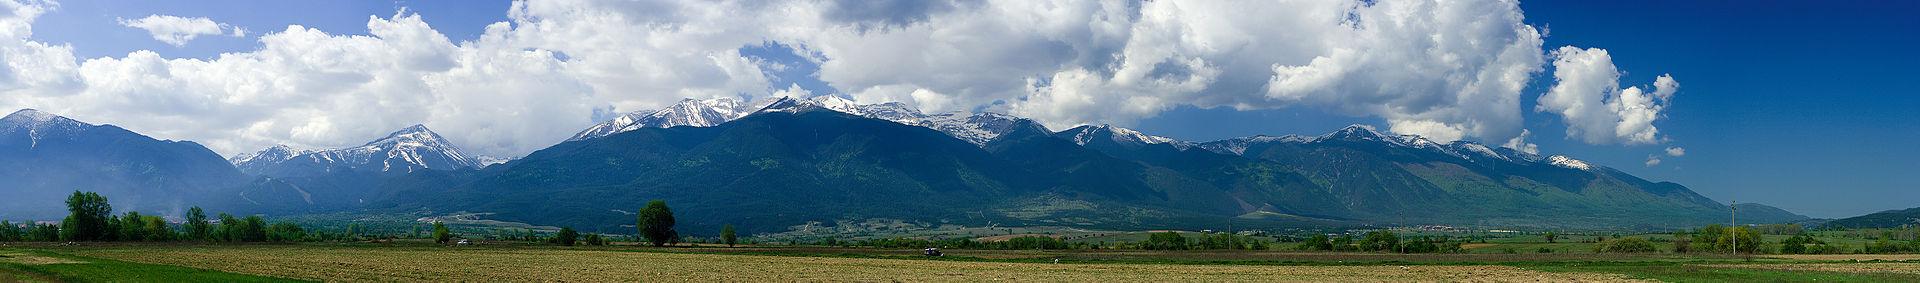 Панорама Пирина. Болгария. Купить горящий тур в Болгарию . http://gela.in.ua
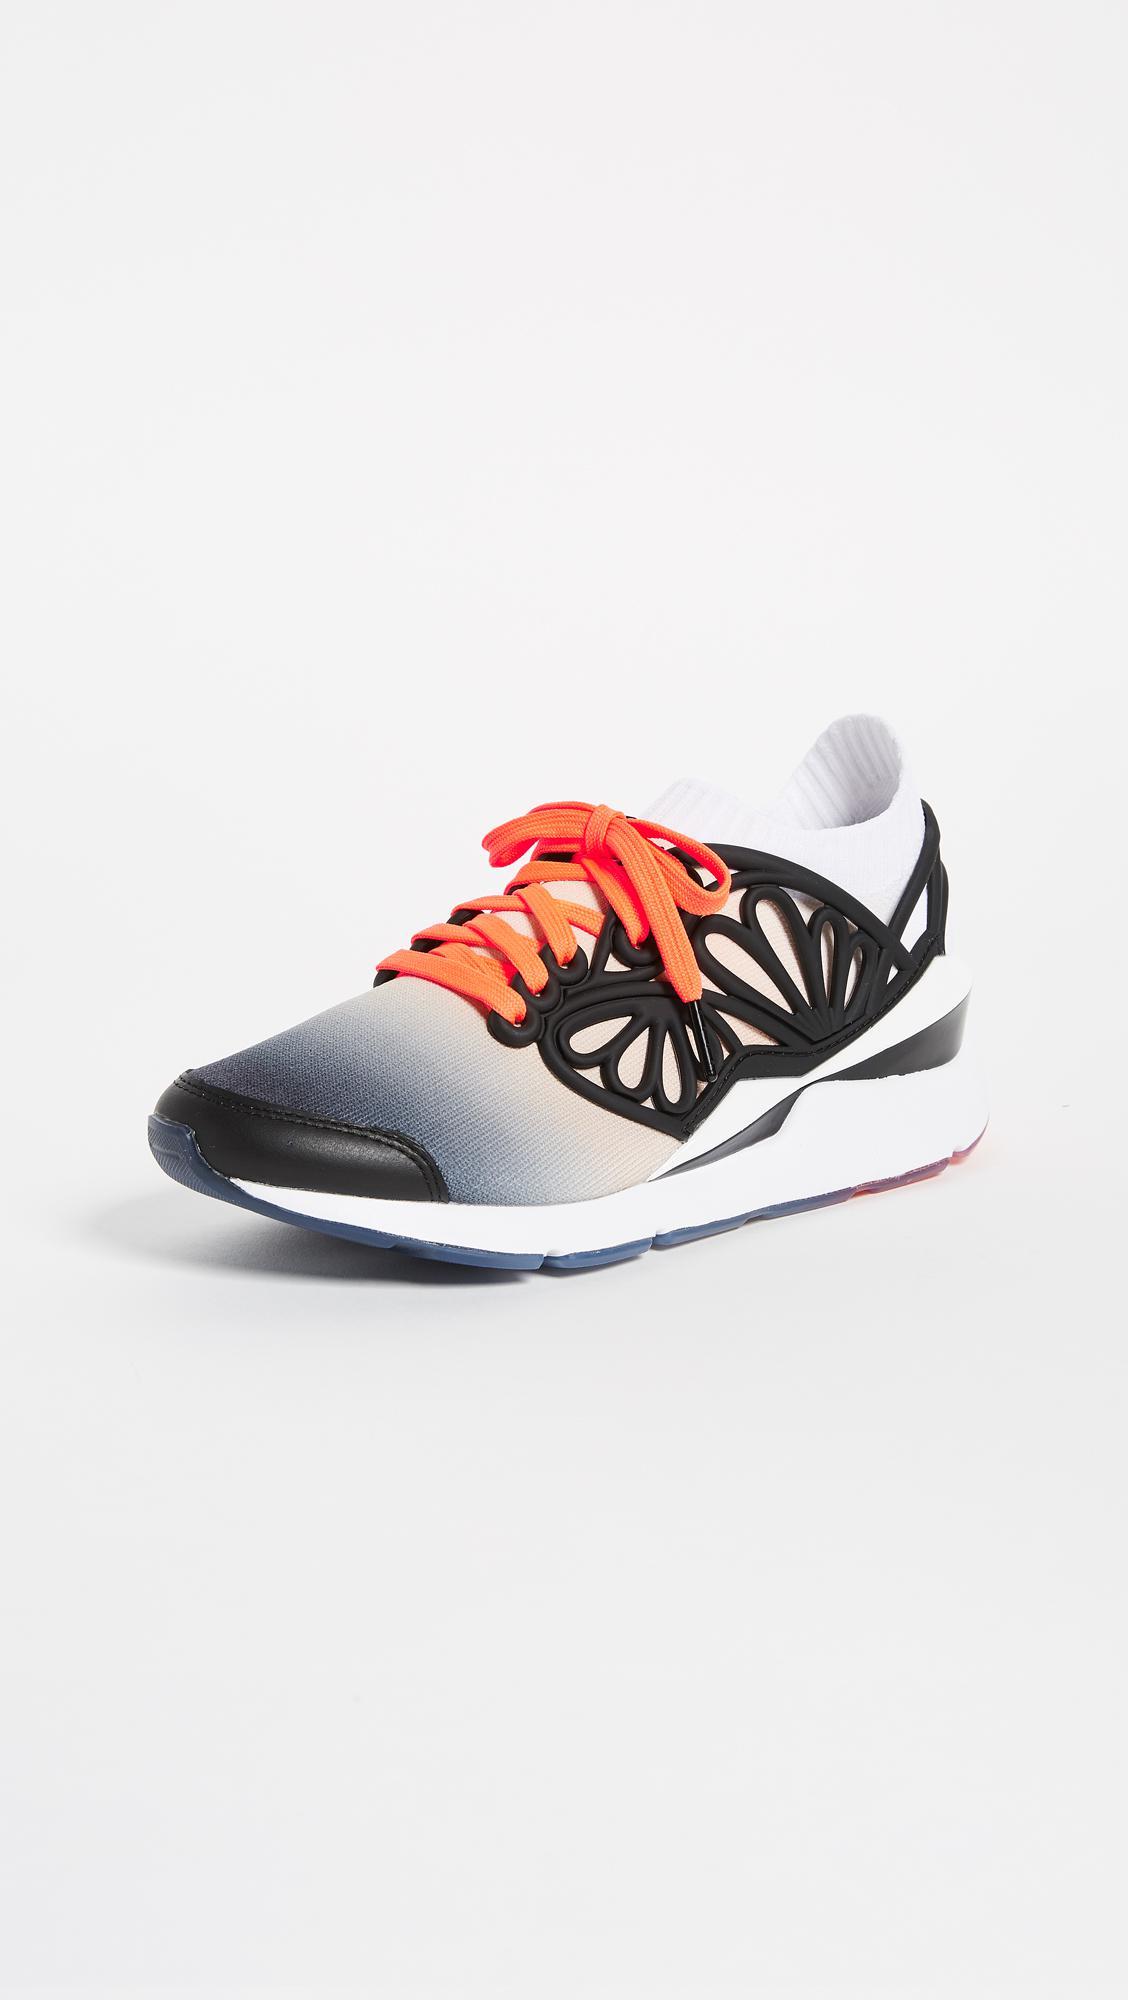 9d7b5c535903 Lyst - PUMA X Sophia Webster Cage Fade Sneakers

==

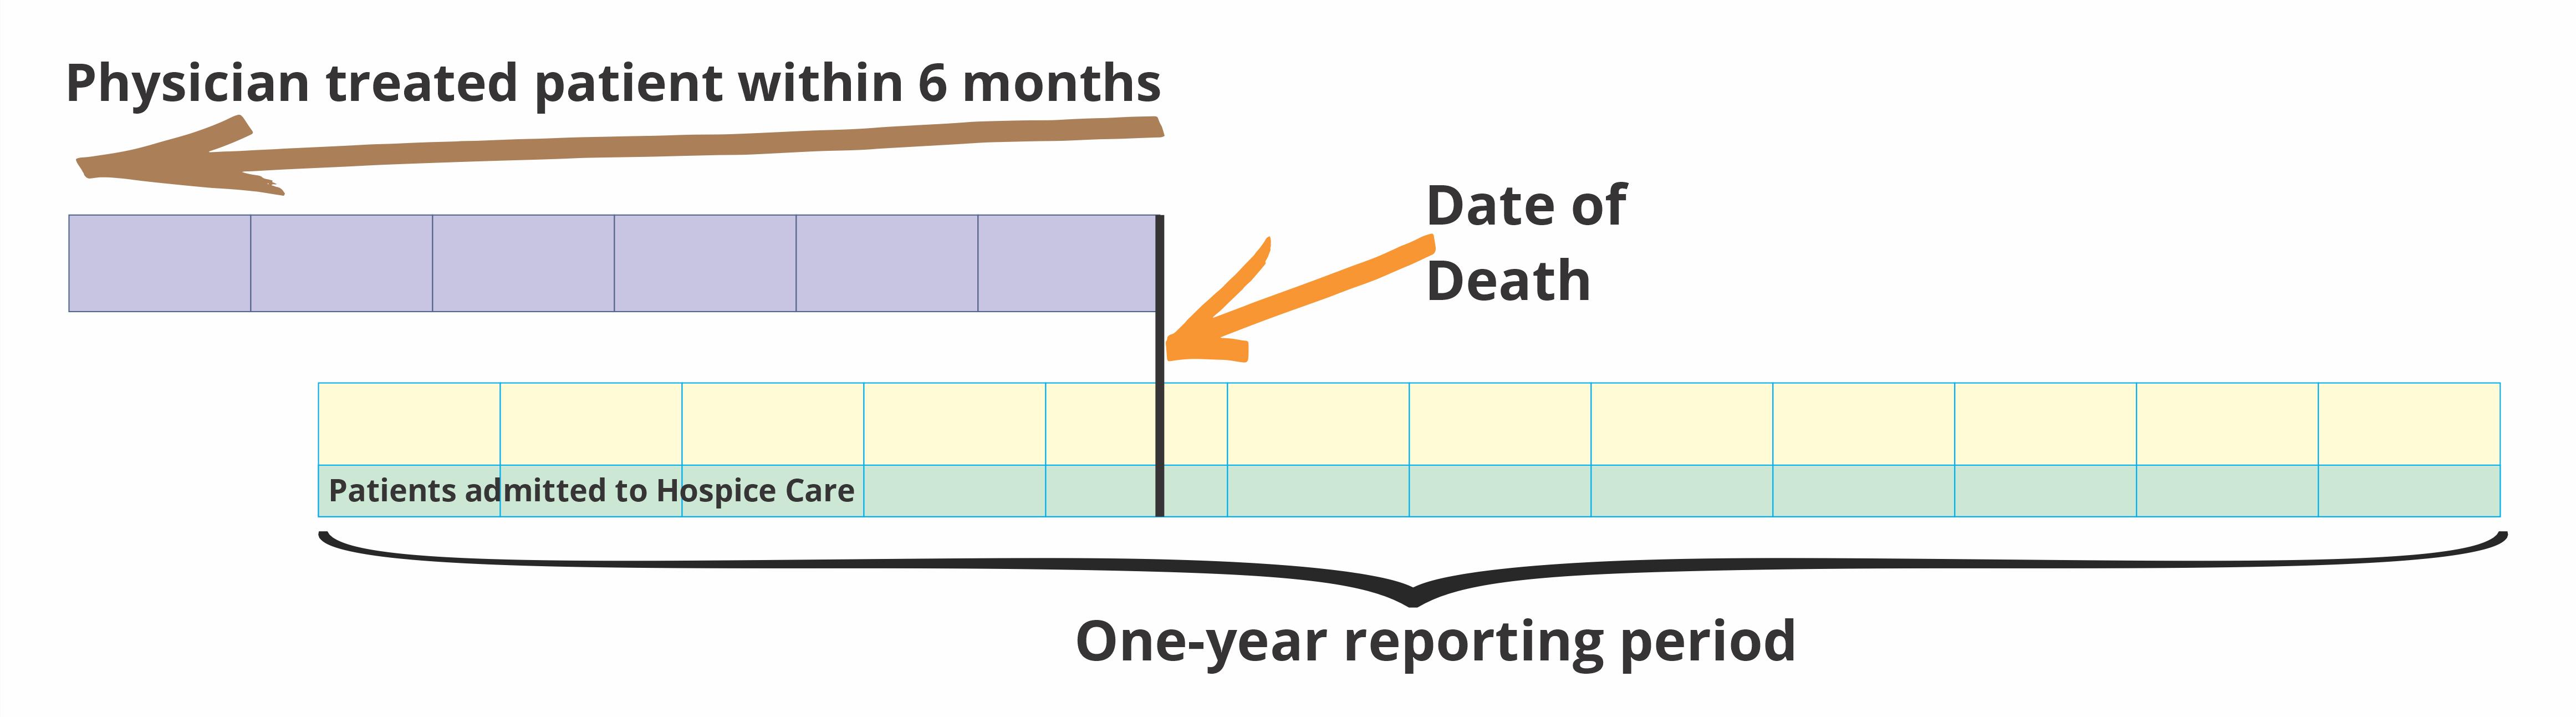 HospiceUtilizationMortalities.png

Exercise objective = Would you copy the lines above exactly, starting with the one that has "Панорама Пирина. Болгария." and ending with the one that has "9d7b5c535903 Lyst - PUMA", both included, without the pictures?

Your solution =
 Панорама Пирина. Болгария. Купить горящий тур в Болгарию . http://gela.in.ua
 9d7b5c535903 Lyst - PUMA X Sophia Webster Cage Fade Sneakers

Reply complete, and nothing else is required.